Return, without pictures, the lines from the start of the data through the one that contains "Paulistas jantando no".

::: Dataset excerpt :::

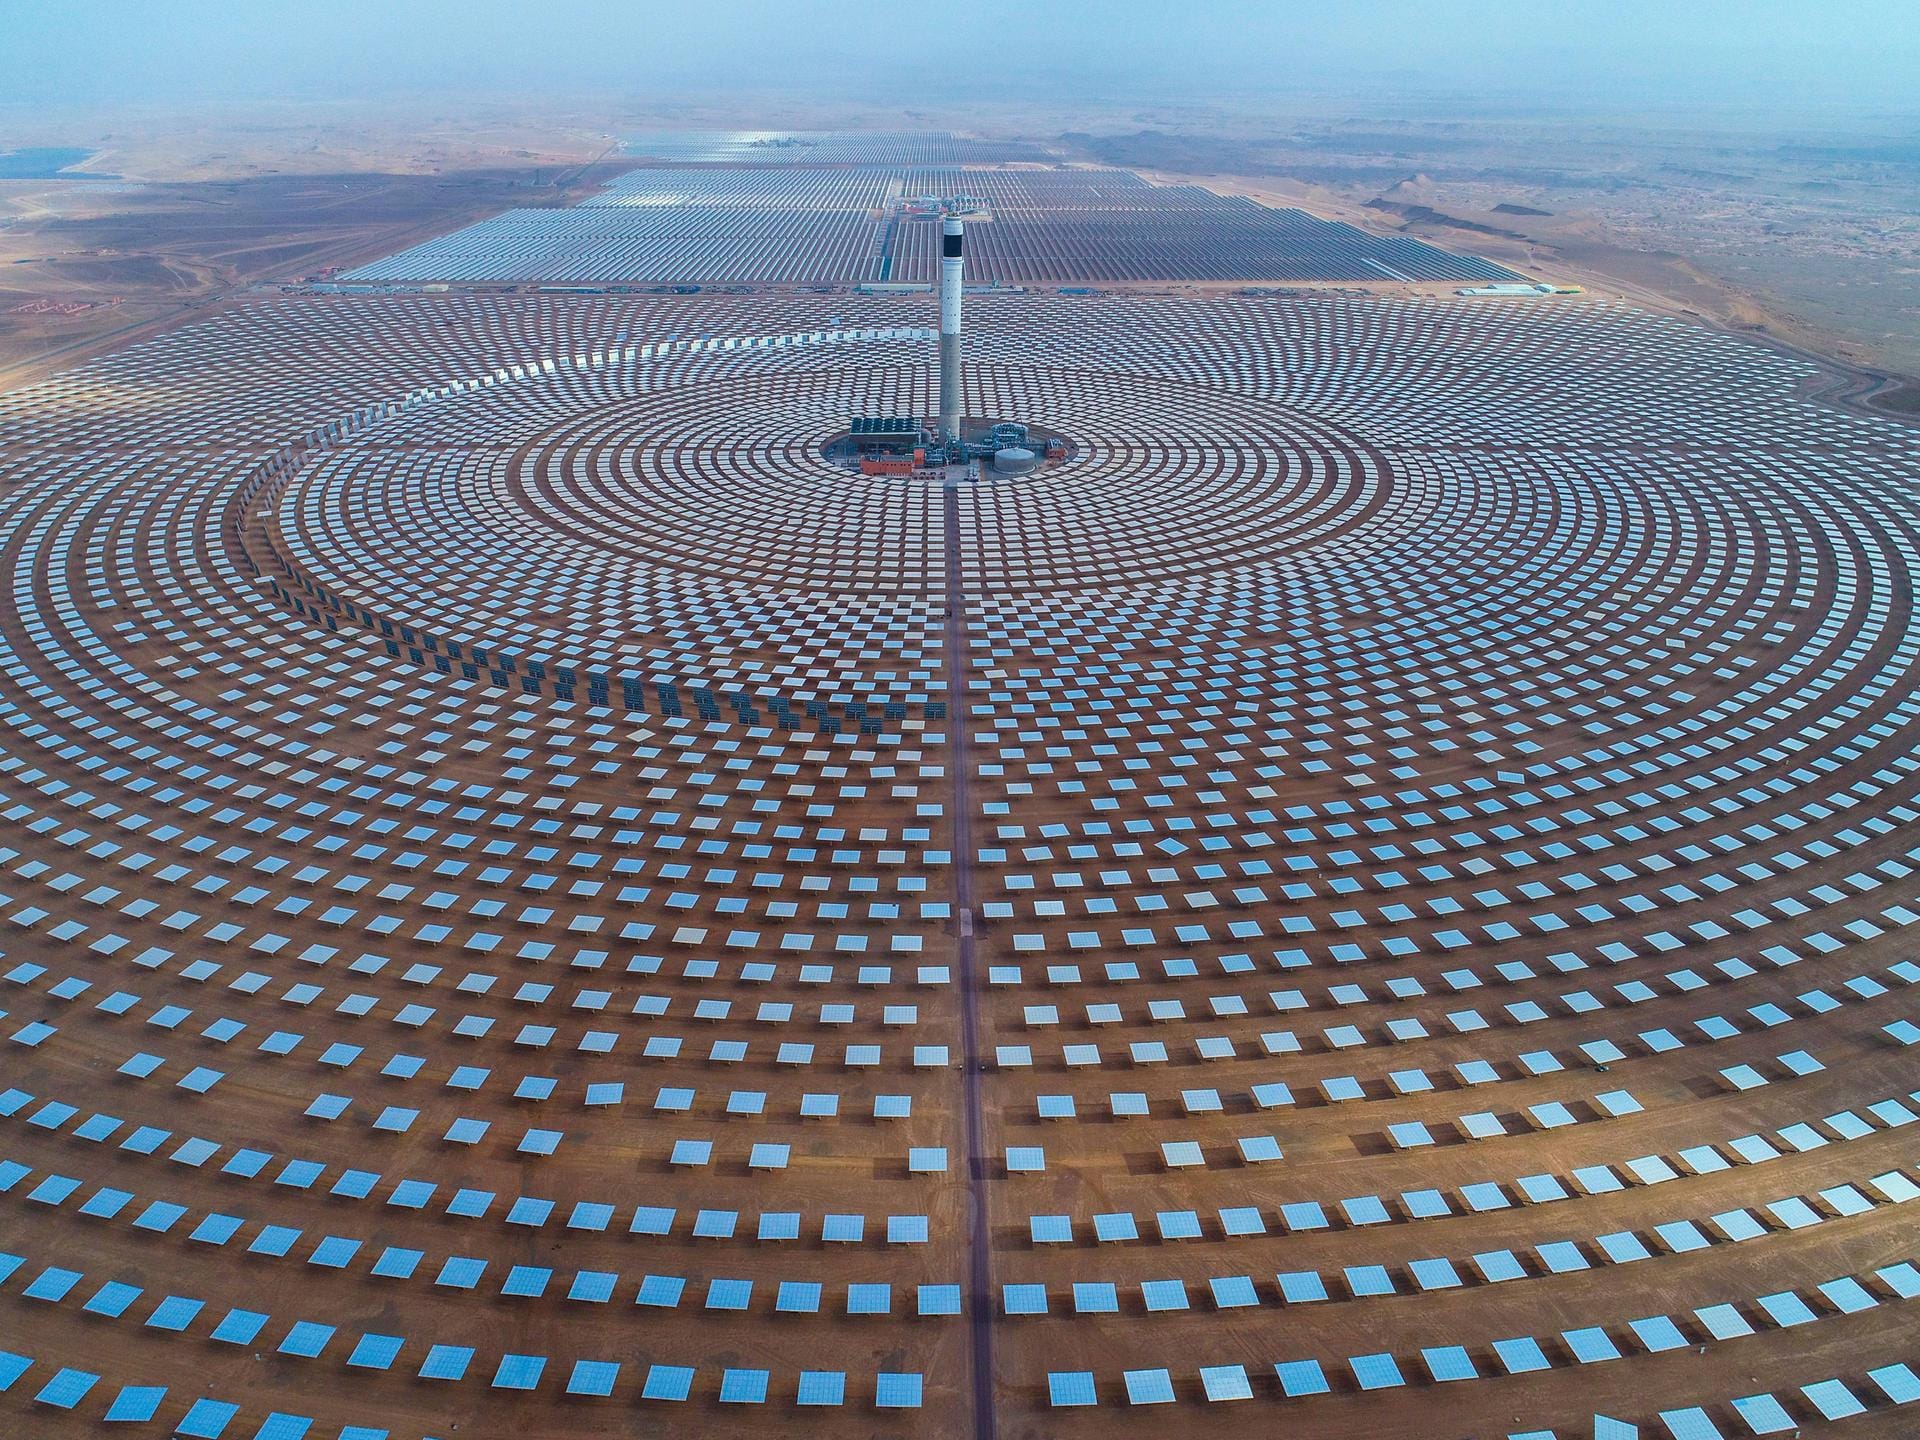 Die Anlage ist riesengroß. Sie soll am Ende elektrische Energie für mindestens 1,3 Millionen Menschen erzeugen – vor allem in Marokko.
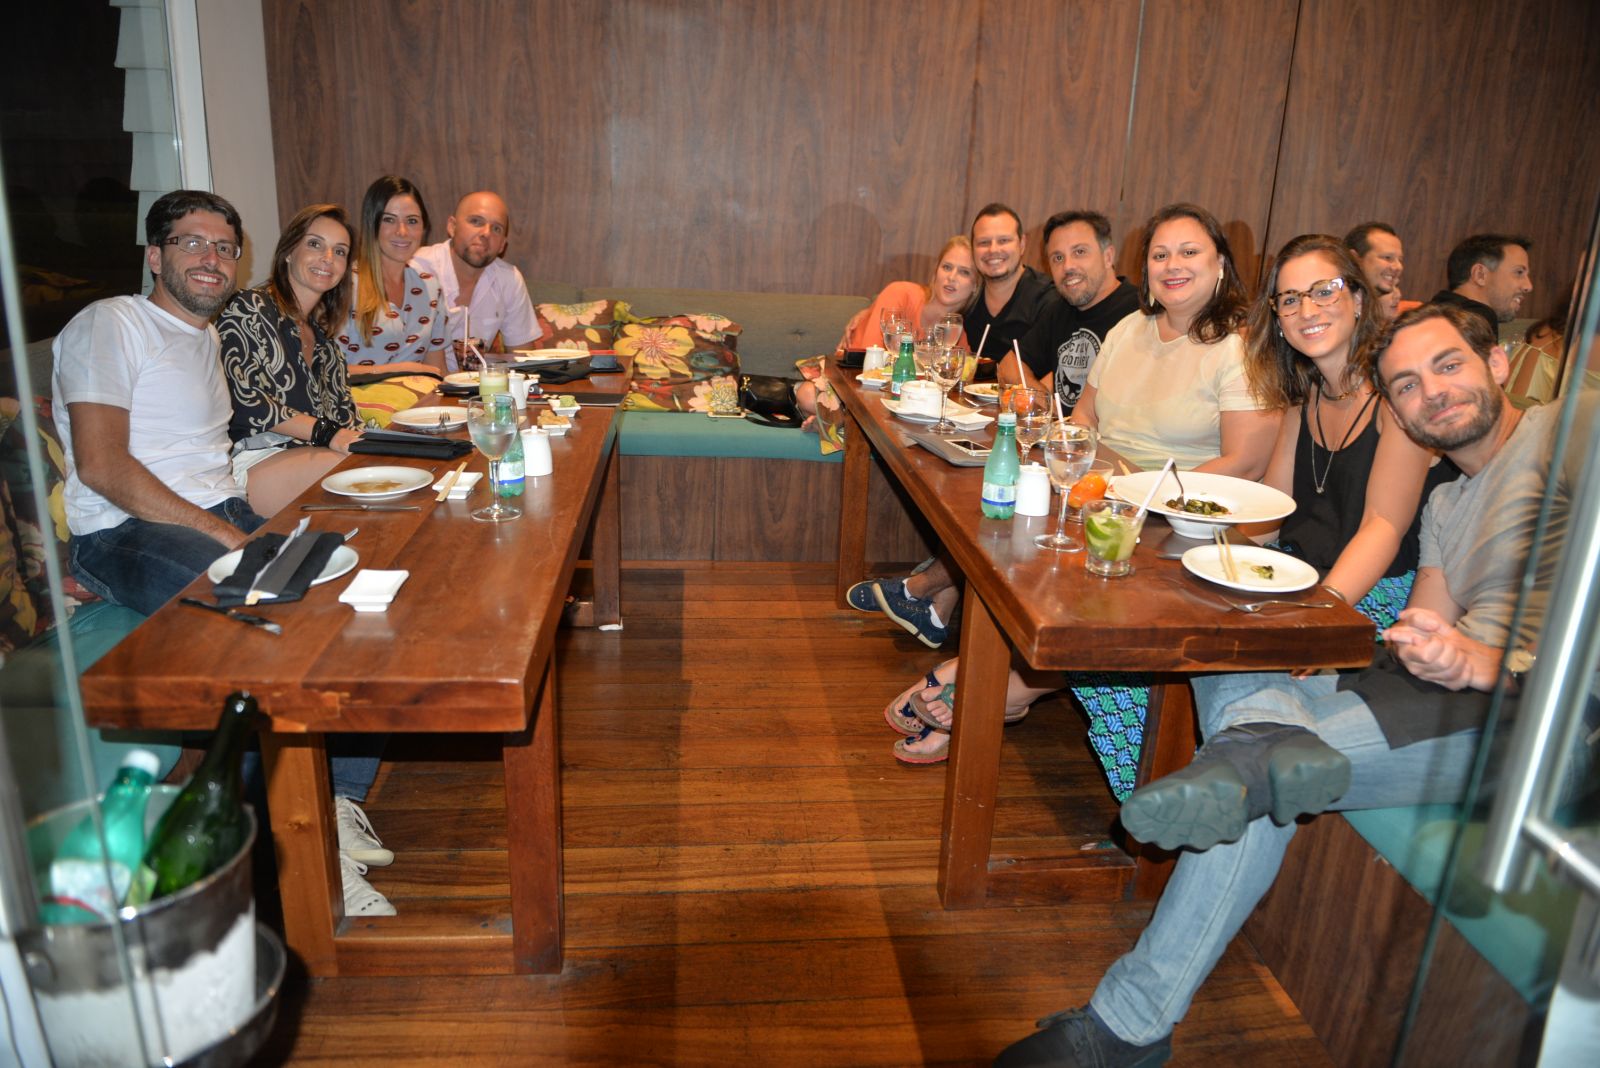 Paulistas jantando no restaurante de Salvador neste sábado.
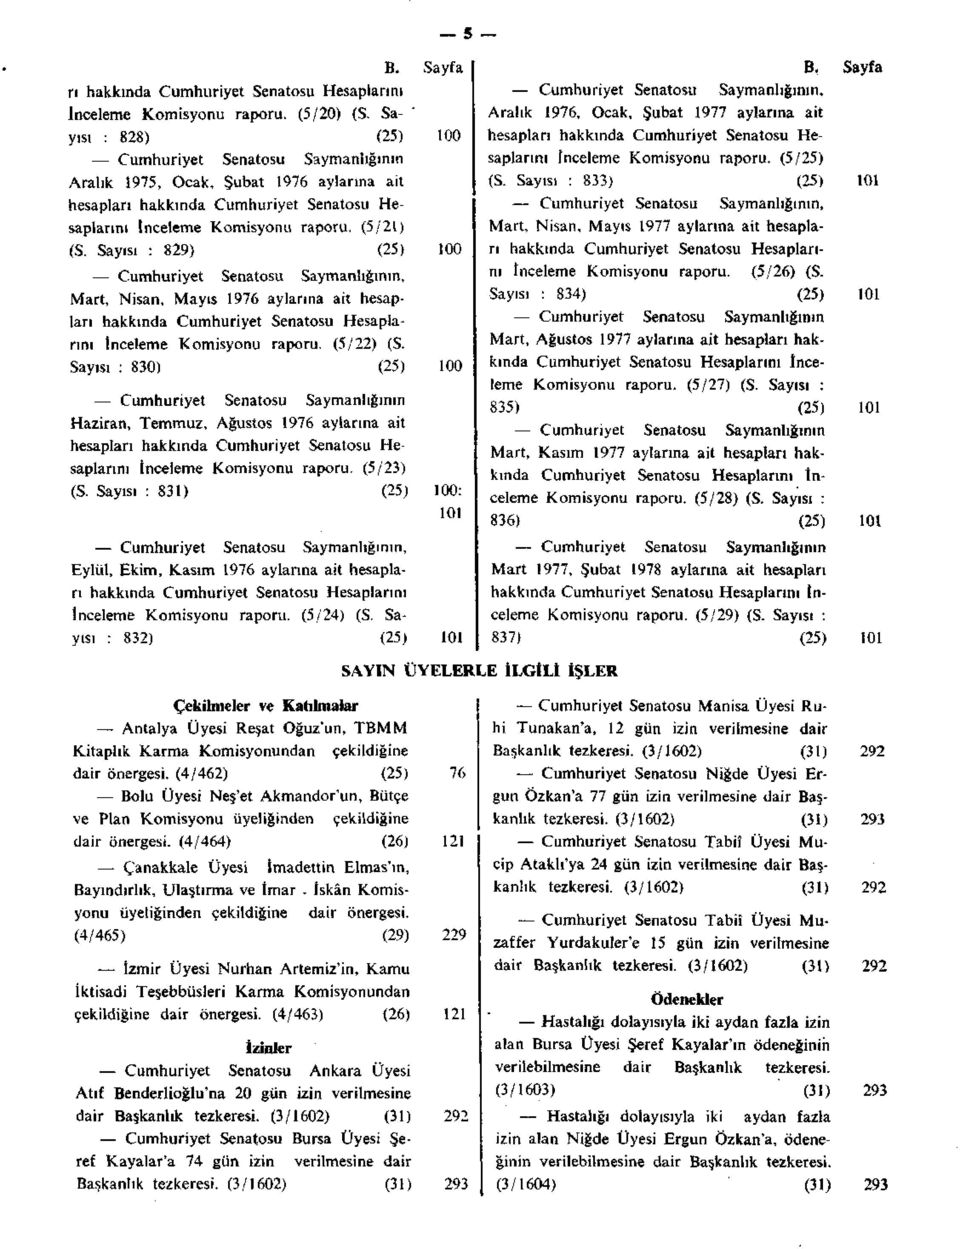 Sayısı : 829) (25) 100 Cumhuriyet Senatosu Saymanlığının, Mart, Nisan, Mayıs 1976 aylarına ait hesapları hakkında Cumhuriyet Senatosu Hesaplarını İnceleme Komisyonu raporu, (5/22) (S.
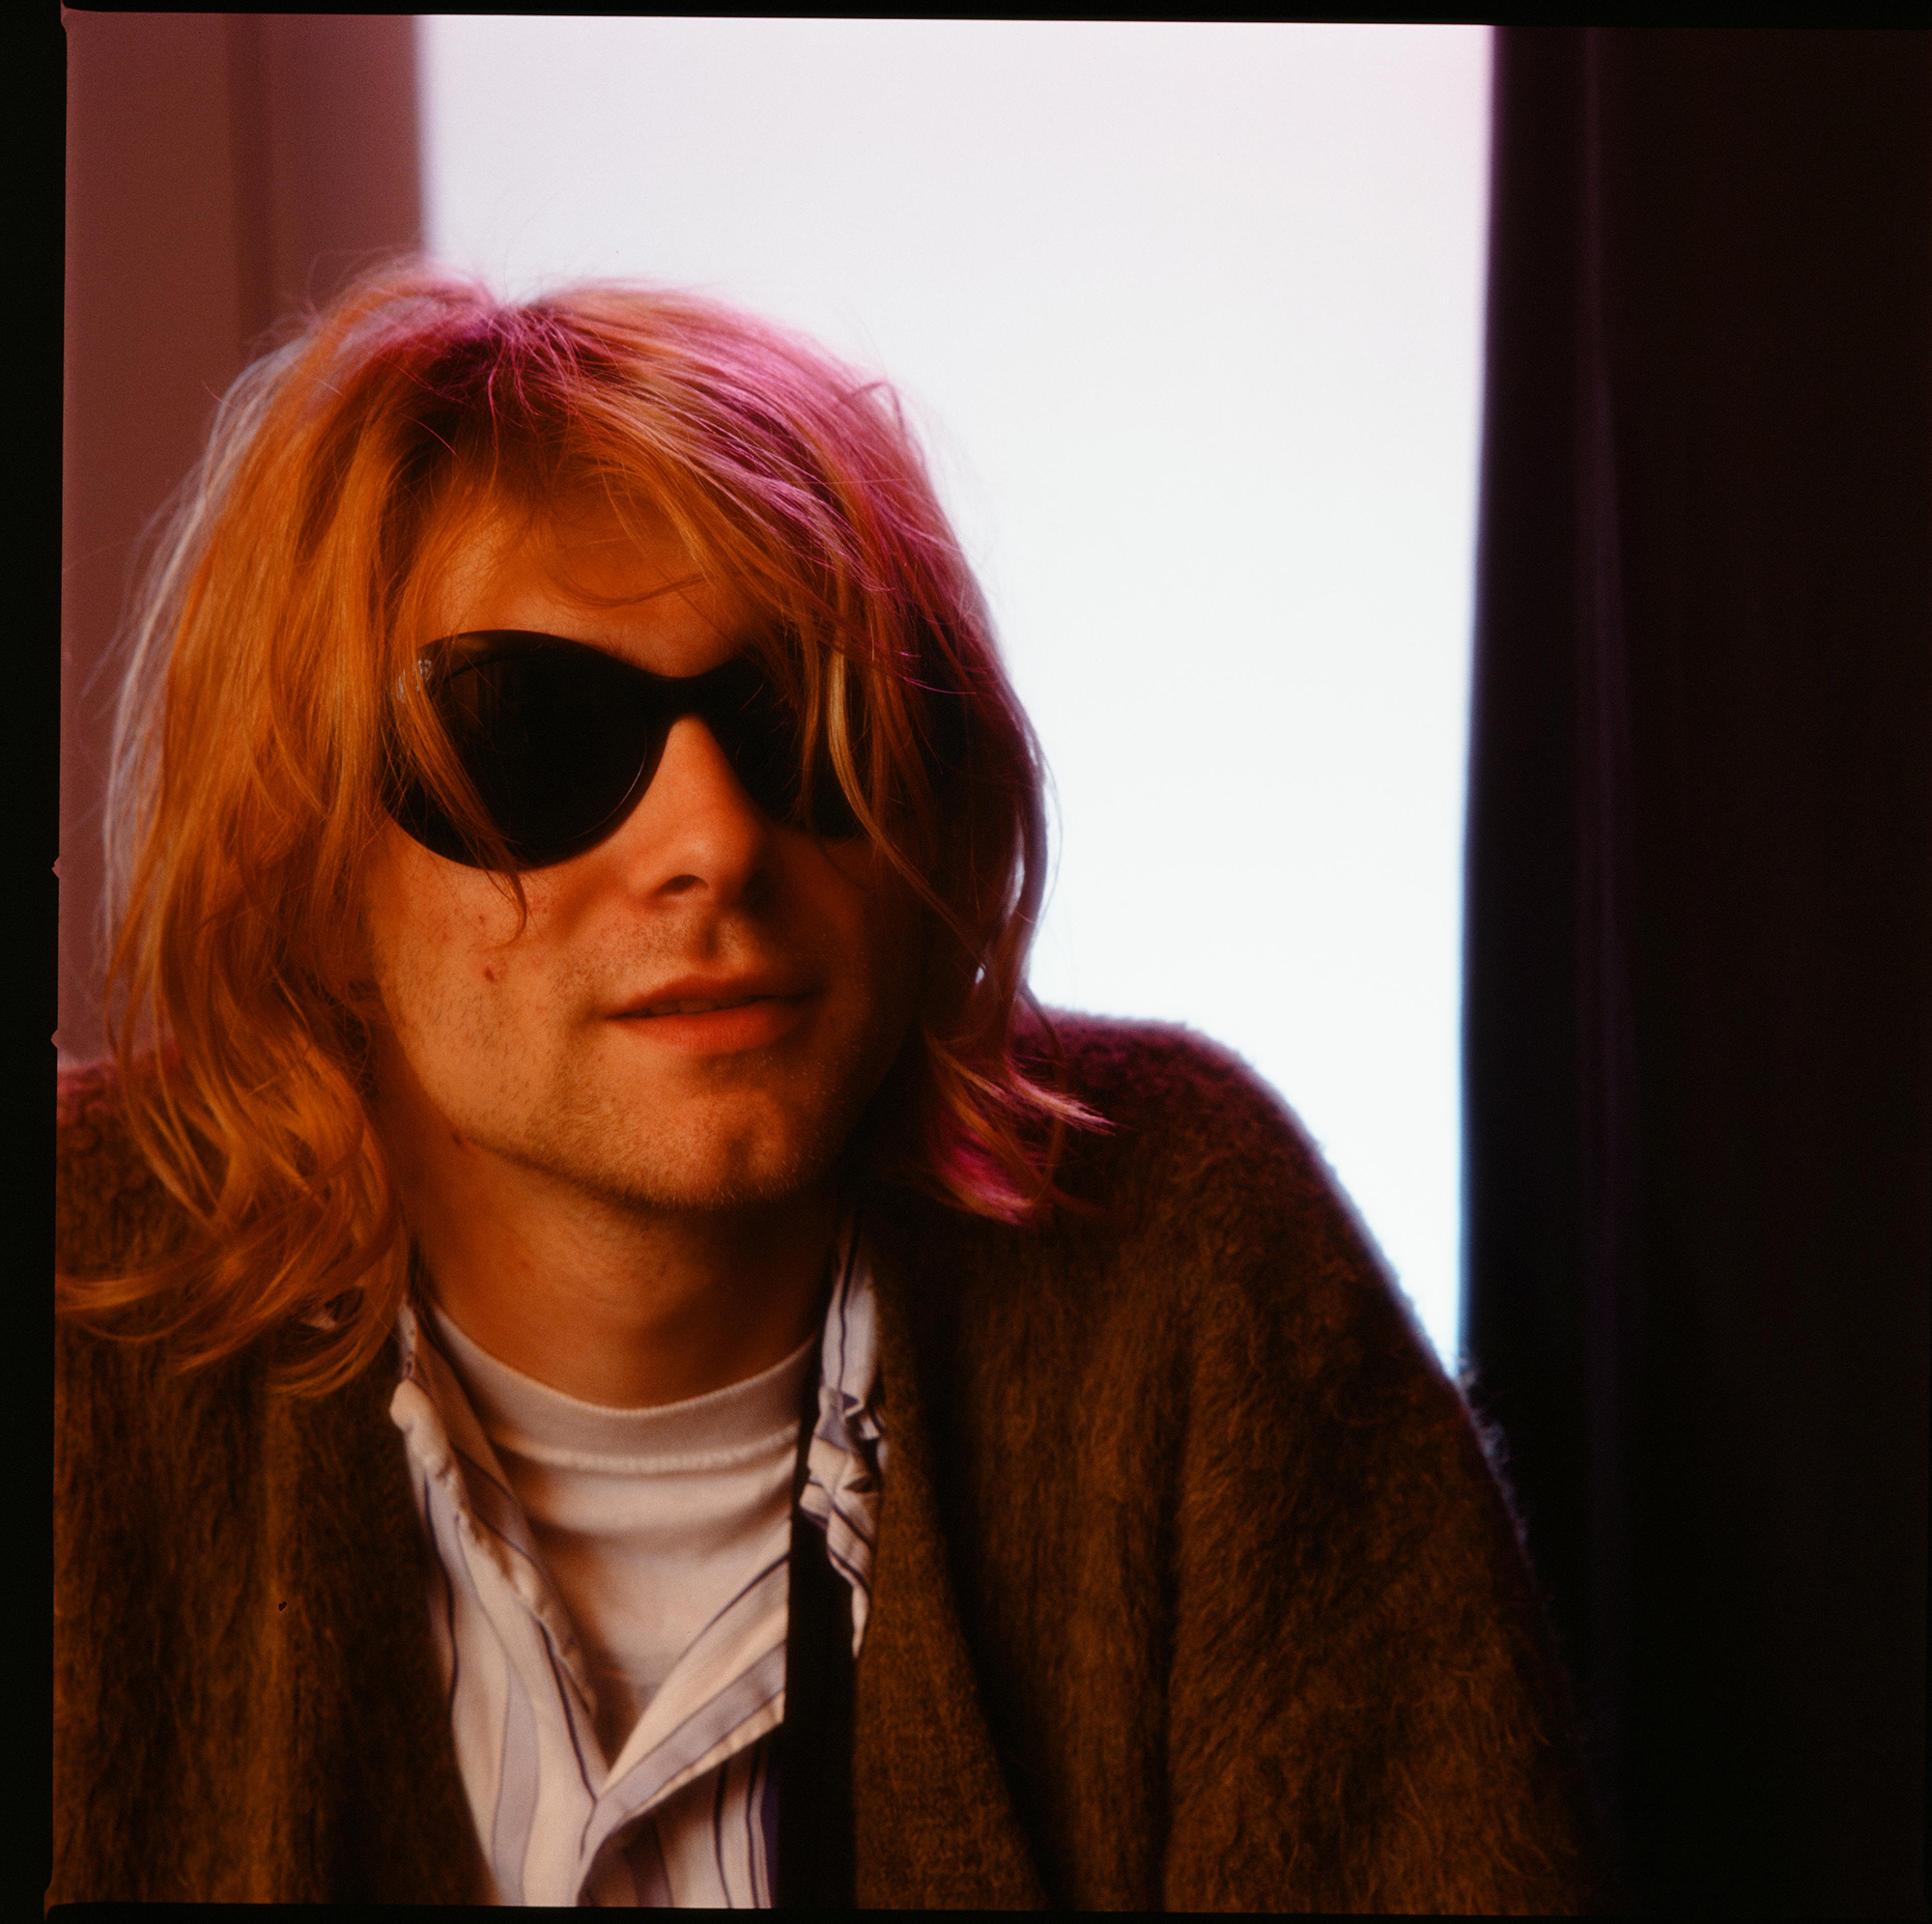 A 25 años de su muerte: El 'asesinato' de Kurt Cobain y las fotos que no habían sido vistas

:::

__Answer box__:
 Die Anlage ist riesengroß. Sie soll am Ende elektrische Energie für mindestens 1,3 Millionen Menschen erzeugen – vor allem in Marokko.
 Paulistas jantando no restaurante de Salvador neste sábado.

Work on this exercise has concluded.